Title: Persistence Homology Utilities
Version: 0.0.1
Description: A low-level package for hosting persistence data. It is part of the 'TDAverse' suite of packages, which is designed to provide a collection of packages for enabling machine learning and data science tasks using persistent homology. Implements a class for hosting persistence data, a number of coercers from and to already existing and used data structures from other packages and functions to compute distances between persistence diagrams. A formal definition and study of bottleneck and Wasserstein distances can be found in Bubenik, Scott and Stanley (2023) <doi:10.1007/s41468-022-00103-8>. Their implementation in 'phutil' relies on the 'C++' Hera library developed by Kerber, Morozov and Nigmetov (2017) <doi:10.1145/3064175>.
License: MIT + file LICENSE
URL: https://github.com/tdaverse/phutil, https://tdaverse.github.io/phutil/
BugReports: https://github.com/tdaverse/phutil/issues
Depends: R (≥ 3.5)
Imports: cli, rlang
Suggests: ggplot2, knitr, microbenchmark, quarto, scales, TDA, tdaunif, tinysnapshot, tinytest
LinkingTo: BH
VignetteBuilder: quarto
Encoding: UTF-8
LazyData: true
RoxygenNote: 7.3.2
NeedsCompilation: yes
Packaged: 2025-05-13 10:39:56 UTC; stamm-a
Author: Aymeric Stamm ORCID iD [aut, cre], Jason Cory Brunson ORCID iD [aut], Michael Kerber [ctb] (HERA C++ code), Dmitriy Morozov [ctb] (HERA C++ code), Arnur Nigmetov [ctb] (HERA C++ code)
Maintainer: Aymeric Stamm <aymeric.stamm@cnrs.fr>
Repository: CRAN
Date/Publication: 2025-05-15 13:50:08 UTC

phutil: Persistence Homology Utilities

Description

A low-level package for hosting persistence data. It is part of the 'TDAverse' suite of packages, which is designed to provide a collection of packages for enabling machine learning and data science tasks using persistent homology. Implements a class for hosting persistence data, a number of coercers from and to already existing and used data structures from other packages and functions to compute distances between persistence diagrams. A formal definition and study of bottleneck and Wasserstein distances can be found in Bubenik, Scott and Stanley (2023) doi:10.1007/s41468-022-00103-8. Their implementation in 'phutil' relies on the 'C++' Hera library developed by Kerber, Morozov and Nigmetov (2017) doi:10.1145/3064175.

Author(s)

Maintainer: Aymeric Stamm aymeric.stamm@cnrs.fr (ORCID)

Authors:

Other contributors:

See Also

Useful links:


A sample of persistence diagrams from the arch spiral

Description

A collection of 24 samples of size 120 on the arch spiral from which a persistence diagram is computed using the TDA::ripsDiag() function with maxdimension = 2 and maxscale = 6. Each diagram has been generated using the tdaunif::sample_arch_spiral() function with the following parameters: n = 120, ⁠arms = 2`` and ⁠sd = 0.05'. The seed was fixed to 28415.

Usage

arch_spirals

Format

A list of length 24, where each element is an object of class 'persistence'.

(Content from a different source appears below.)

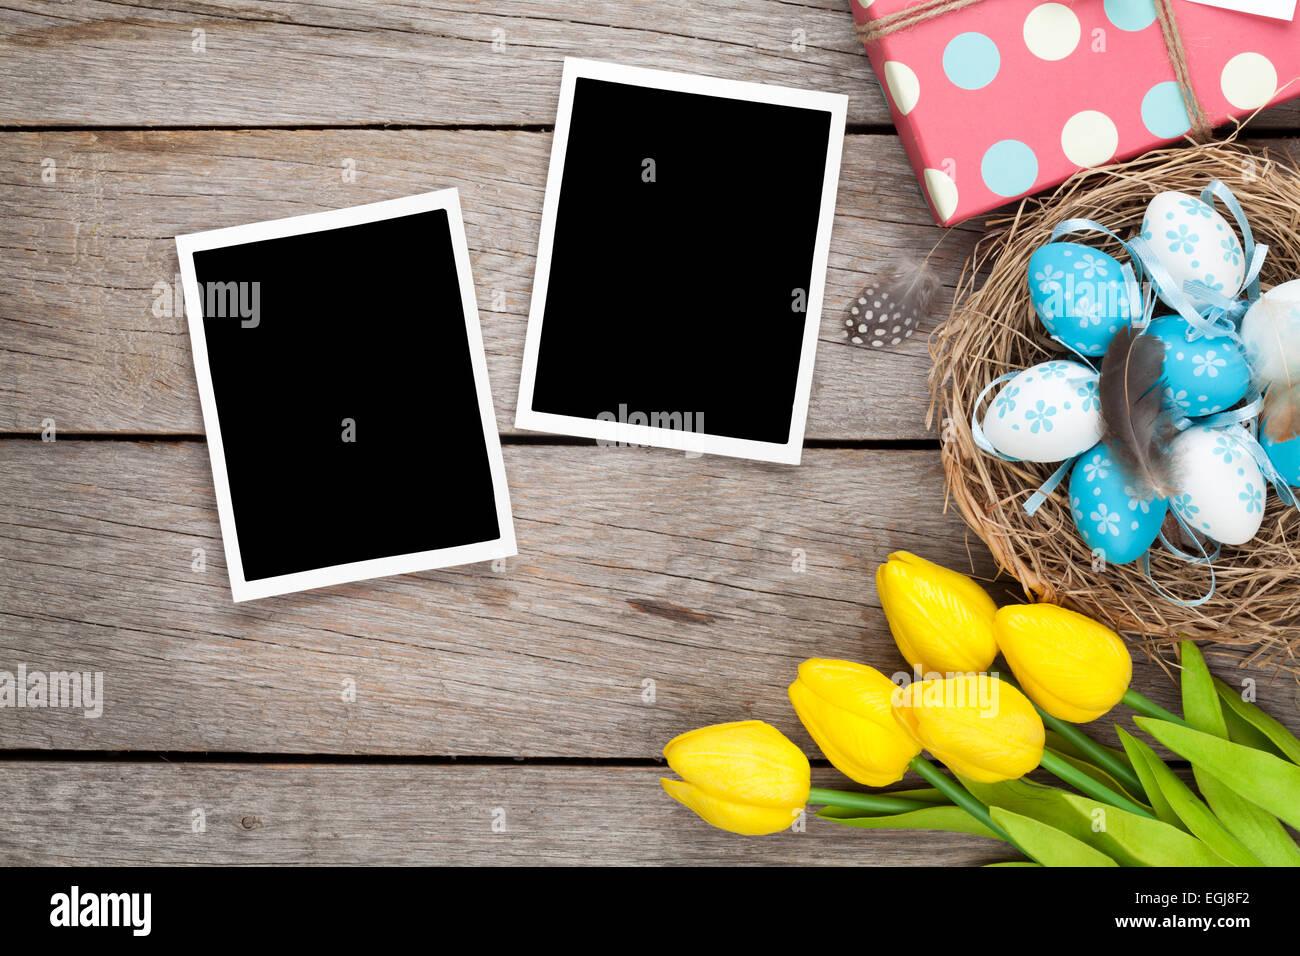 Fondo de Pascua con marcos de fotos en blanco y azul, huevos blancos ...

Distances between two persistence diagrams

Description

This collection of functions computes the distance between two persistence diagrams of the same homology dimension. The diagrams must be represented as 2-column matrices. The first column of the matrix contains the birth times and the second column contains the death times of the points.

Usage

bottleneck_distance(
  x,
  y,
  tol = sqrt(.Machine$double.eps),
  validate = TRUE,
  dimension = 0L
)

wasserstein_distance(
  x,
  y,
  tol = sqrt(.Machine$double.eps),
  p = 1,
  validate = TRUE,
  dimension = 0L
)

kantorovich_distance(
  x,
  y,
  tol = sqrt(.Machine$double.eps),
  p = 1,
  validate = TRUE,
  dimension = 0L
)

Arguments

x

Either a matrix of shape n \times 2 or an object of class persistence specifying the first persistence diagram.

y

Either a matrix of shape m \times 2 or an object of class persistence specifying the second persistence diagram.

tol

A numeric value specifying the relative error. Defaults to sqrt(.Machine$double.eps). For the Bottleneck distance, it can be set to 0.0 in which case the exact Bottleneck distance is computed, while an approximate Bottleneck distance is computed if tol > 0.0. For the Wasserstein distance, it must be strictly positive.

validate

A boolean value specifying whether to validate the input persistence diagrams. Defaults to TRUE. If FALSE, the function will not check if the input persistence diagrams are valid. This can be useful for performance reasons, but it is recommended to keep it TRUE for safety.

dimension

An integer value specifying the homology dimension for which to compute the distance. Defaults to 0L. This is only used if x and y are objects of class persistence.

p

A numeric value specifying the power for the Wasserstein distance. Defaults to 1.0.

Details

A matching \varphi : D_1 \to D_2 between persistence diagrams is a bijection of multisets, where both diagrams are assumed to have all points on the diagonal with infinite multiplicity. The p-Wasserstein distance between D_1 and D_2 is defined as the infimum over all matchings of the expression

W_p(D_1,D_2) = \inf_{\varphi: D_1 \to D_2} \left( \sum_{x \in D_1}{\lVert x - \varphi(x) \rVert^p} \right)^{\frac{1}{p}}

that can be thought of as the Minkowski distance between the diagrams viewed as vectors on the shared coordinates defined by the matching \varphi. The norm \lVert \cdot \rVert can be arbitrary; as implemented here, it is the infinity norm \lVert (x_1,x_2) \rVert_\infty = \max(x_1,x_2). In the limit p \to \infty, the Wasserstein distance becomes the bottleneck distance:

B(D_1,D_2) = \inf_{\varphi: D_1 \to D_2} \sup_{x \in D_1}{\lVert x - \varphi(x) \rVert}.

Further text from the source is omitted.